Home > Enterprise >  Nested .gitignore files -- difference between /folder/* and !folder/
Nested .gitignore files -- difference between /folder/* and !folder/

Time:11-25

I have the folder structure thus

project/
       ----A/
            ----B/
                 -1.txt
                 -2.txt
                 -.gitignore [ content is: (Line1) * (Line2) !1.txt ]
            -.gitignore [ content is: (Line1) /B/* ]
       -.gitignore [ content is: (Line1) /A/*
.git/
-.gitignore [content is: (Line1) /project/*]

The above does not track 1.txt nor does it track 2.txt

My understanding of project/.gitignore which contains:

/A/* 

was:

Ignore everything under folder A/ except for exceptions you may encounter in deeper .gitignores in subfolders, for instance, due to, say project/A/B/.gitignore which is:

*
!1.txt

that force you to track 1.txt. That was also my interpretation of project/A/.gitignore which is:

/B/*

That is, ignore everything under folder B/ except for exceptions you may encounter in deeper .gitignores in subfolders, for instance, due to, say project/A/B/.gitignore.

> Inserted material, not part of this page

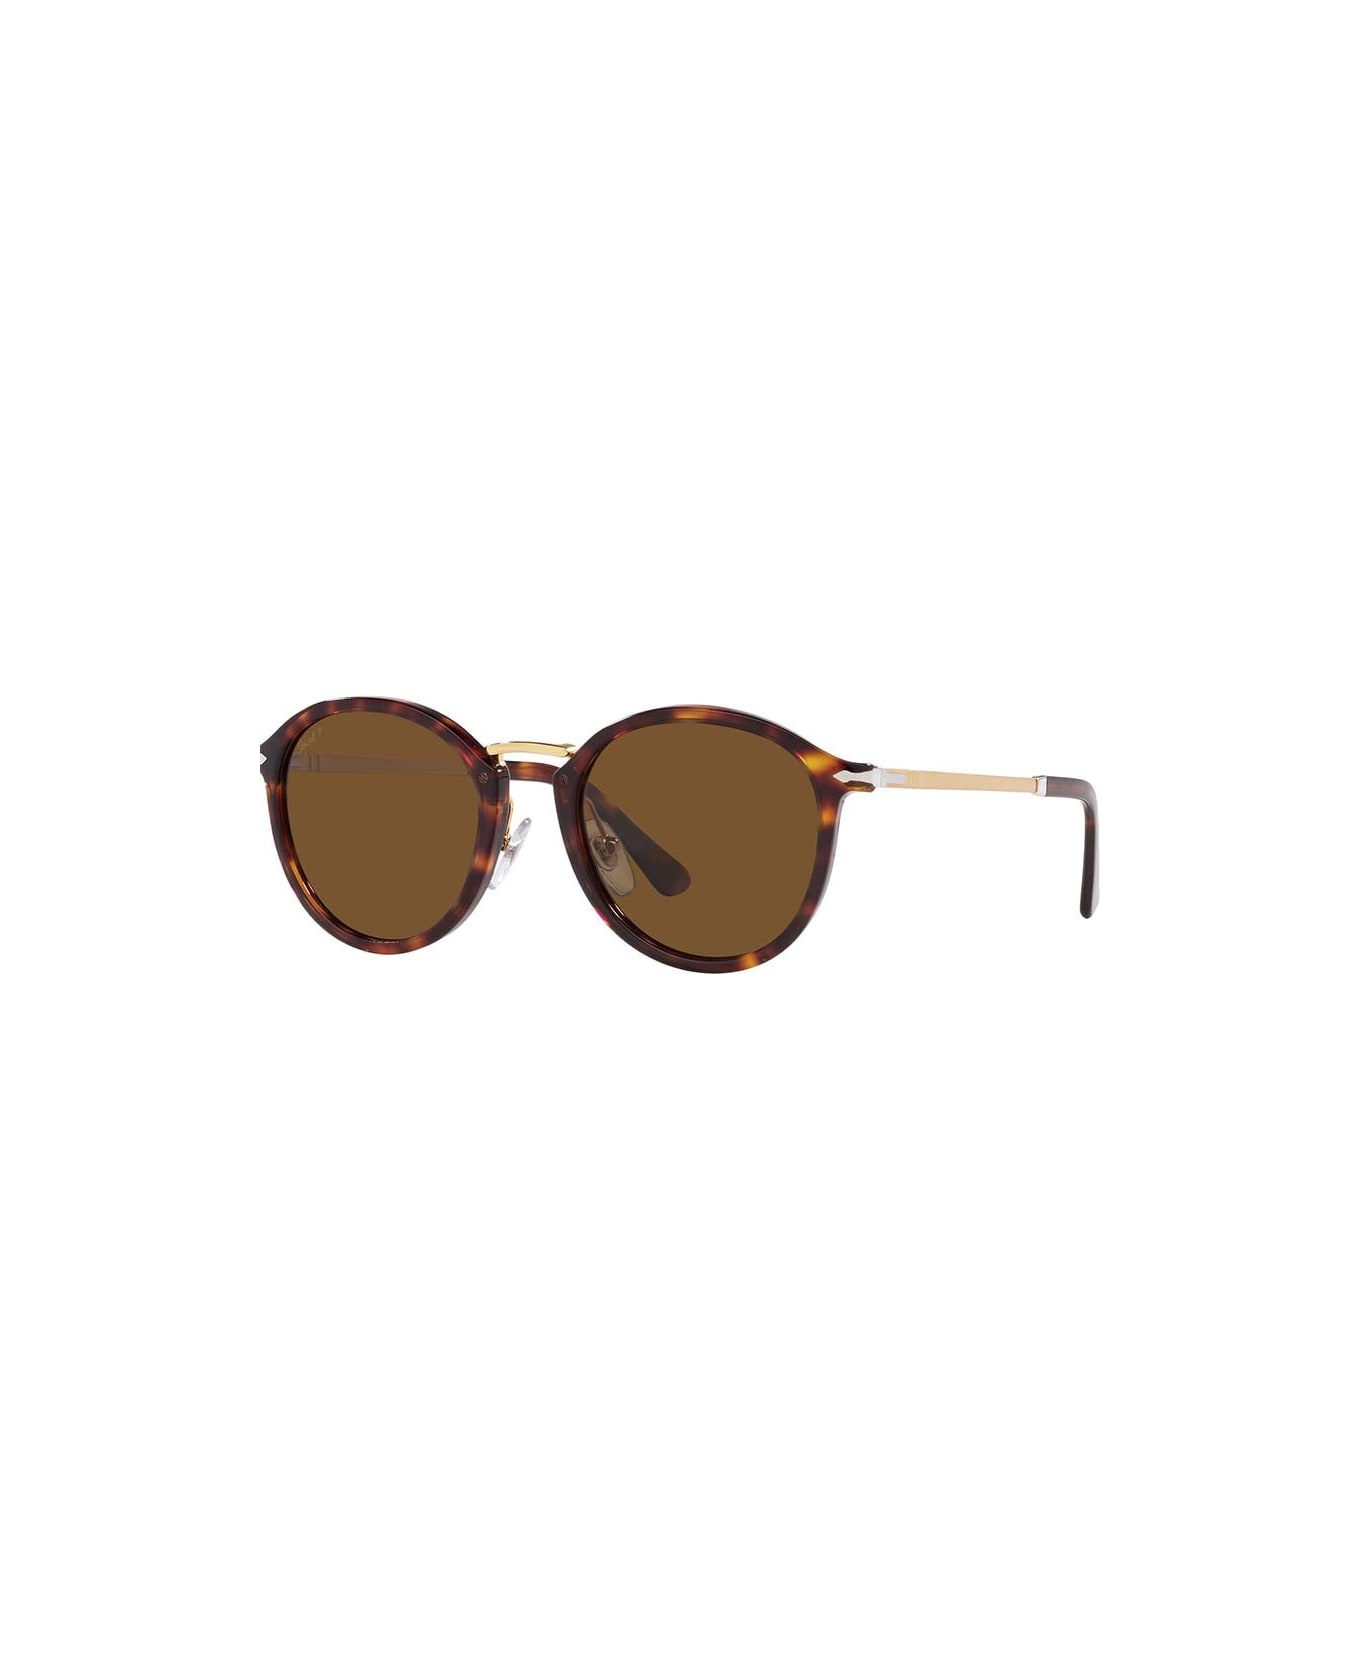 Persol Sunglasses - Marrone/Marrone

Since in the example above neither 1.txt nor 2.txt are tracked, I am unclear what the right interpretation of /A/* and /B/* mean in the context above.

Everything else being the same, the following change to project/.gitignore of:

!A/

tracks 1.txt while not tracking 2.txt.

I would like to understand clearly why /A/* does not work while !A/ works in this case.

CodePudding user response:

The information you provide alone is not enough to reproduce your setup :

running the following script :

#!/bin/bash

rm -rf /tmp/testrepo
mkdir -p /tmp/testrepo
cd /tmp/testrepo

git init

mkdir -p project/A/B

touch project/A/B/1.txt project/A/B/2.txt

check_ignore () {
        local path=$1
        echo "--- checking $path:"
        git check-ignore -v "$path"
}

echo "# with initial .gitignore files:"

check_ignore project/A
check_ignore project/A/B
check_ignore project/A/B/1.txt
check_ignore project/A/B/2.txt

echo "!A/" >> project/.gitignore

echo
echo "# after adding '!A/' in project/.gitignore:"

check_ignore project/A
check_ignore project/A/B       # that directory is still gitignored
                               # by the '/A/*' gitignore rule
check_ignore project/A/B/1.txt # so its content is not inspected
check_ignore project/A/B/2.txt

I have directory B (in project/A/B) completely ignored, which makes that neither 1.txt nor 2.txt is tracked.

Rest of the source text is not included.